====== EXERCISE MATERIAL
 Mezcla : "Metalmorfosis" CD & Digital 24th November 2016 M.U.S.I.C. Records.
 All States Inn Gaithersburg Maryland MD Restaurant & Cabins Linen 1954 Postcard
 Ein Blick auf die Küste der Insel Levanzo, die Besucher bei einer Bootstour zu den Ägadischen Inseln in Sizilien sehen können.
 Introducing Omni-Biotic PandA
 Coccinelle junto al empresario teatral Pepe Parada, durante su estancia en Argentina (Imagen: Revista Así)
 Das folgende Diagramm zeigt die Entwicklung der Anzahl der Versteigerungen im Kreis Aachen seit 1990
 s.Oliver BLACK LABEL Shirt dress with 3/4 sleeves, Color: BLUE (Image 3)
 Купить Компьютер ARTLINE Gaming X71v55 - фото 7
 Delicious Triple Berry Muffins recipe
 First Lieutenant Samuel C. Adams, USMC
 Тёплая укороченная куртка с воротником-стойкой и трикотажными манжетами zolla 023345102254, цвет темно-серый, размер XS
============
Print out an identical copy of the whole listing.

* **SOLUTION**
 Mezcla : "Metalmorfosis" CD & Digital 24th November 2016 M.U.S.I.C. Records.
 All States Inn Gaithersburg Maryland MD Restaurant & Cabins Linen 1954 Postcard
 Ein Blick auf die Küste der Insel Levanzo, die Besucher bei einer Bootstour zu den Ägadischen Inseln in Sizilien sehen können.
 Introducing Omni-Biotic PandA
 Coccinelle junto al empresario teatral Pepe Parada, durante su estancia en Argentina (Imagen: Revista Así)
 Das folgende Diagramm zeigt die Entwicklung der Anzahl der Versteigerungen im Kreis Aachen seit 1990
 s.Oliver BLACK LABEL Shirt dress with 3/4 sleeves, Color: BLUE (Image 3)
 Купить Компьютер ARTLINE Gaming X71v55 - фото 7
 Delicious Triple Berry Muffins recipe
 First Lieutenant Samuel C. Adams, USMC
 Тёплая укороченная куртка с воротником-стойкой и трикотажными манжетами zolla 023345102254, цвет темно-серый, размер XS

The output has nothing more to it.